Лаки, 1955

Все, что происходило до того, как ей исполнилось пять лет, осталось в ее памяти радостными цветными вспышками. Тепло. Ощущение безопасности. Добрая, красивая мамочка с мягкими белокурыми волосами и бархатистой кожей. Ласковая, душистая, жизнерадостная, она носила красивые платья и пушистые меха.

Папа. Большой, грубоватый. Он всегда приносил подарки — кукол и мишек (Лаки жадно набрасывалась на все подряд). Старался помедленнее ходить, когда она семенила рядом.

По случаю ее пятого дня рождения родители устроили праздник. Полсотни детей. Клоуны. Катание на осликах в саду. Огромный шоколадный торт в виде кукольного домика.

Лаки так волновалась, что едва дышала. На ней было розовое платьице с оборочками, ленточки в кудрявых волосах, короткие носочки и белые туфельки.

Джино сграбастал ее в охапку, несколько раз назвал своей маленькой итальянской принцессой и вручил подарок — украшенный бриллиантами и рубинами медальон на золотой цепочке, в котором хранился фотопортрет их обоих.

— Папочка! — взвизгнула она и стала покрывать его лицо поцелуями.

— Ты ее балуешь, — мягко упрекнула Мария.

— Некоторые детишки для того и созданы, чтобы их баловать, — и он подбросил девочку в воздух.

Лаки вскрикнула, но он поймал ее и заключил в объятия. Она с наслаждением вдыхала знакомые запахи, которые так любила. Запахи папочки.

Лаки прижалась к нему и пробормотала:

— Ты такой хороший, папочка, такой хороший!

Он опустил ее на землю и подмигнул Марии.

— Точная моя копия.

Жена нежно улыбнулась.

— Внешне — да. Но все остальные достоинства — от меня.

Лаки обхватила ручонками ногу отца, давая понять, что снова хочет, чтобы он взял ее на руки, но он уже утратил интерес к дочке, перенеся его на маму.

— Да ну?

— Точно, — и она тоже подмигнула.

Джино счастливо засмеялся, стряхнул с себя Лаки и сграбастал жену.

— Кто сказал?

Девочка сунула в рот палец и молча наблюдала за родителями. Иногда взрослые бывают такими смешными! Ни с того ни с сего перестали обращать на нее внимание, а ведь сегодня не чей-нибудь, а ее день рождения.

Она вынула палец изо рта и сказала:

— У меня болит животик.

Мария оттолкнула Джино и склонилась над дочкой.

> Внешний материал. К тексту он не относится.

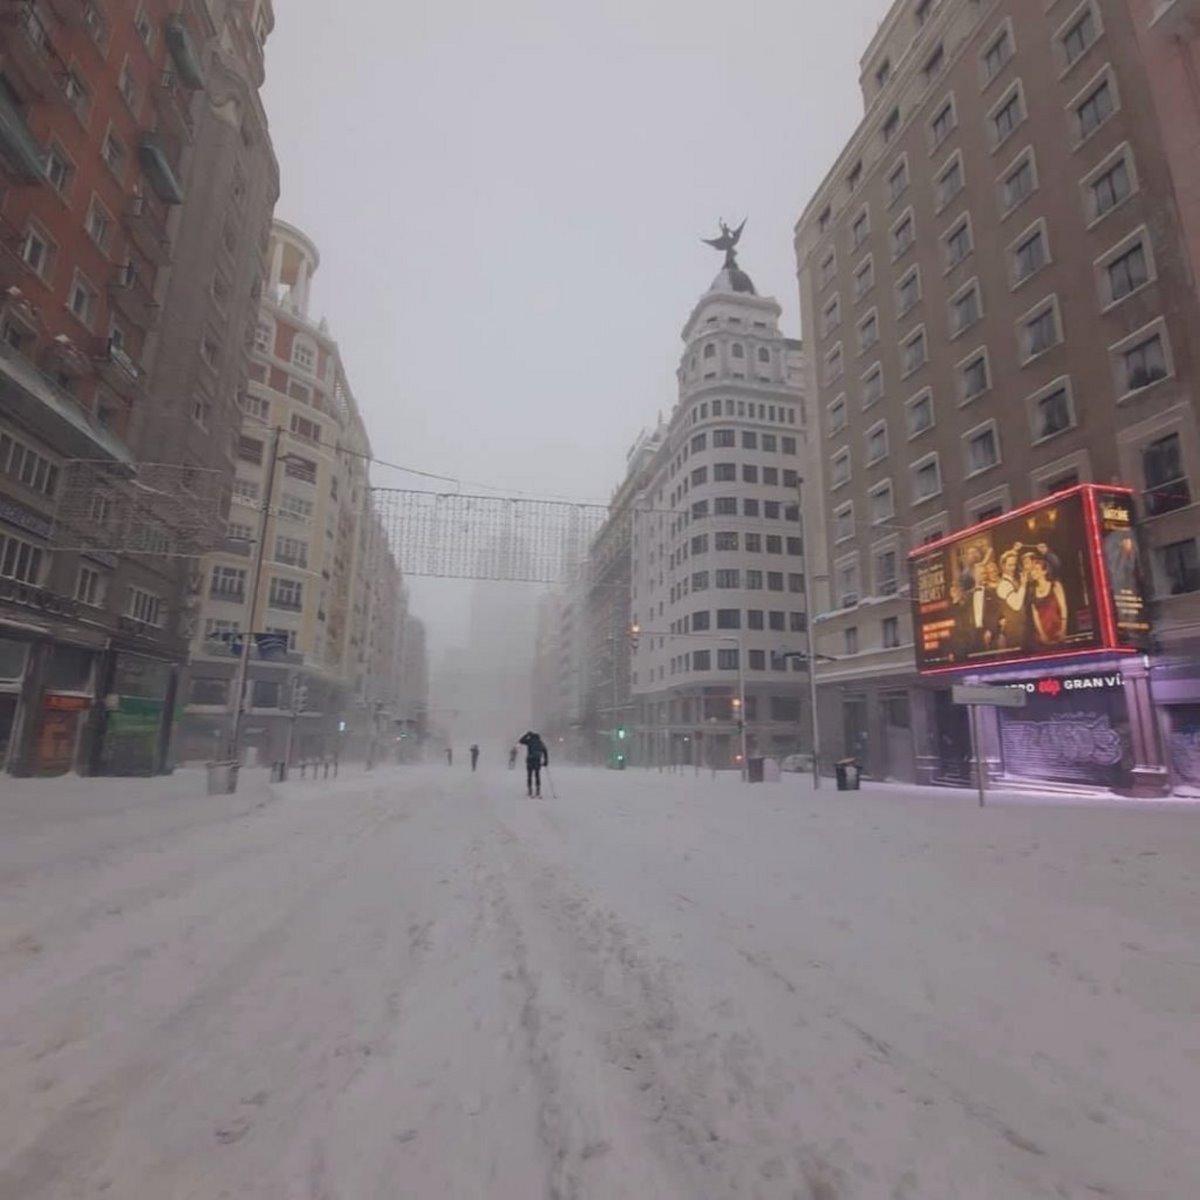 Χιόνια στο κέντρο της Μαδρίτης

— Не может быть! В такой день! Где болит, маленькая?

— Везде.

Мария укоризненно посмотрела на Джино.

— Не нужно было ее подбрасывать. Ты слишком бесцеремонен.

— Да? — он снова схватил дочь и начал щекотать. — Болит, да? Где болит? А?

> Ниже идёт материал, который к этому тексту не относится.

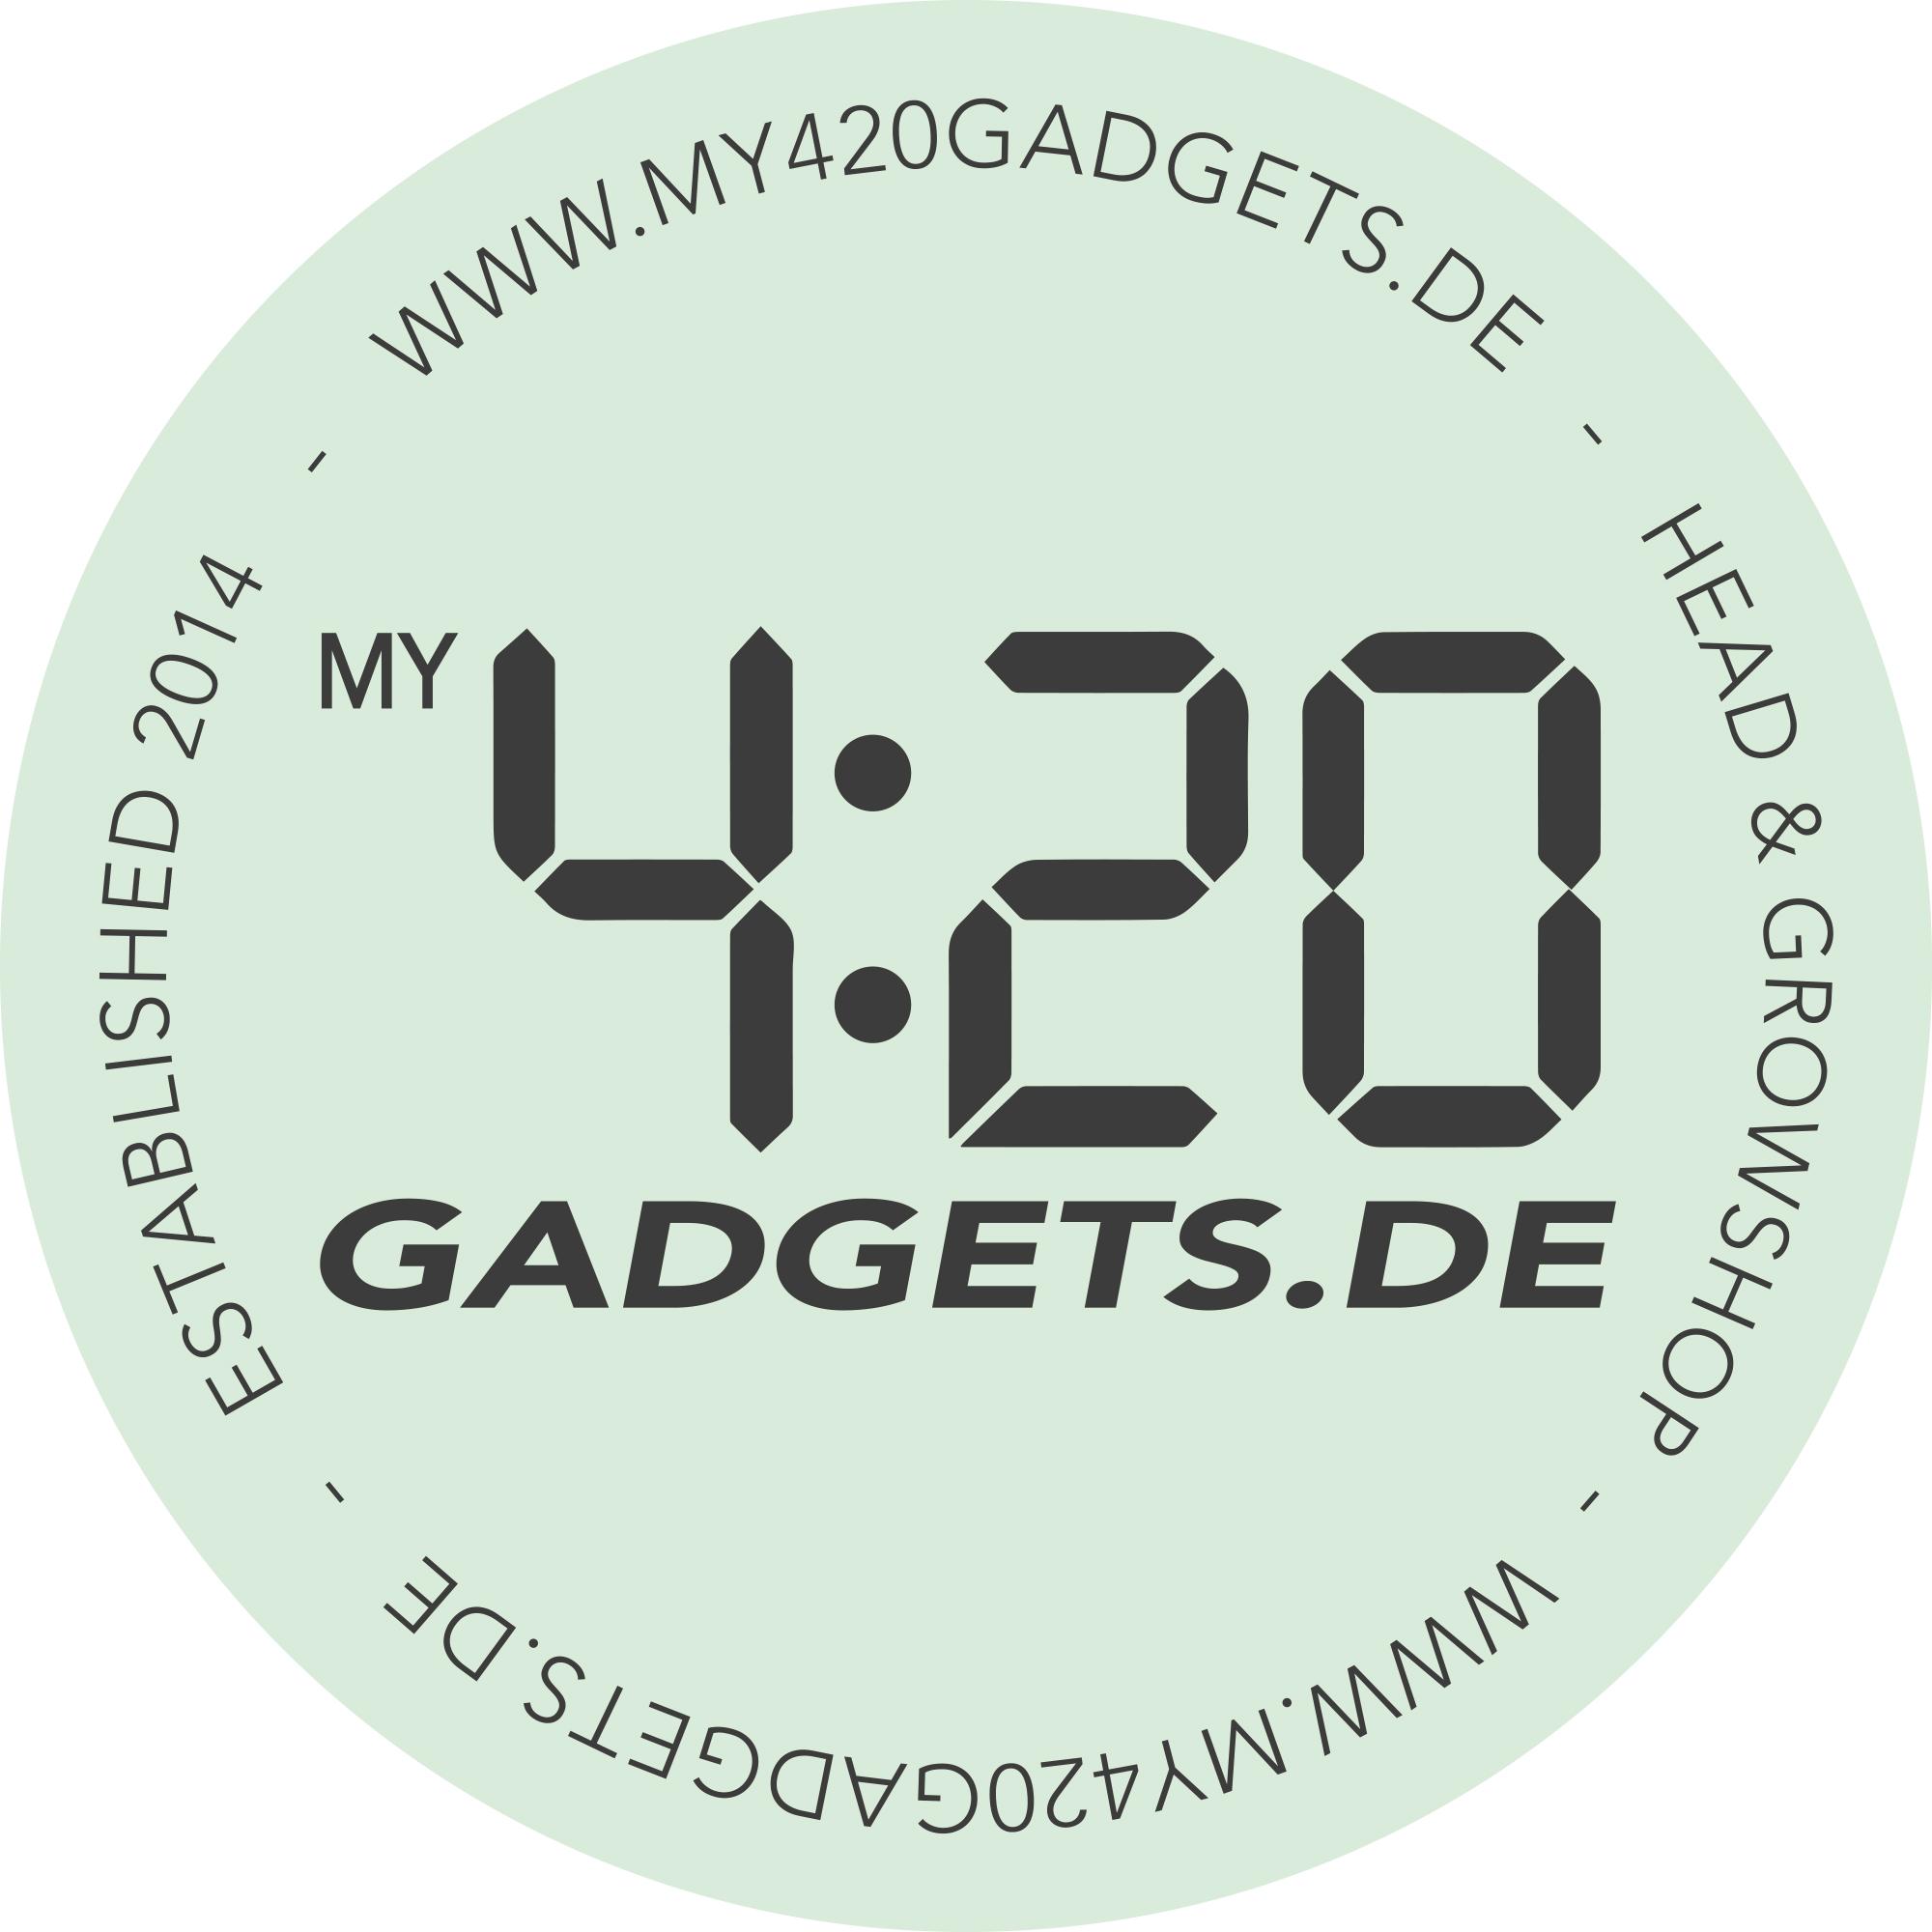 4.20 gadgets.de

Малышка залилась счастливым смехом.

— Джино, перестань! — тревожилась Мария.

— Ничего, ей нравится.

Конечно, Лаки нравилось. Она хохотала до слез.

— Больше не болит, папочка! Не болит!

Он продолжал щекотать дочку.

— Хватит! — кричала она. — Хватит!

— Ага! Хочешь, чтобы папочка перестал? Нет уж! А вот так?..

— Джино, это уже чересчур, — мягко произнесла Мария. — Девочка перевозбудится.

И он перестал ее щекотать. Напоследок крепко прижал малышку к себе и прошептал:

— Папа тебя любит, детка, — и опустил на землю.

Тут как раз появилась няня Камден, крепко держа за руку Дарио. Случалось, он убегал и потом не мог найти обратную дорогу.

— Эй, — крикнул мальчику Джино. — Сегодня хоть и не твой день рождения, но у меня есть кое-что и для тебя тоже!

Дарио так и не выпустил руки няни Камден. Джино протянул ему красиво упакованный сверток.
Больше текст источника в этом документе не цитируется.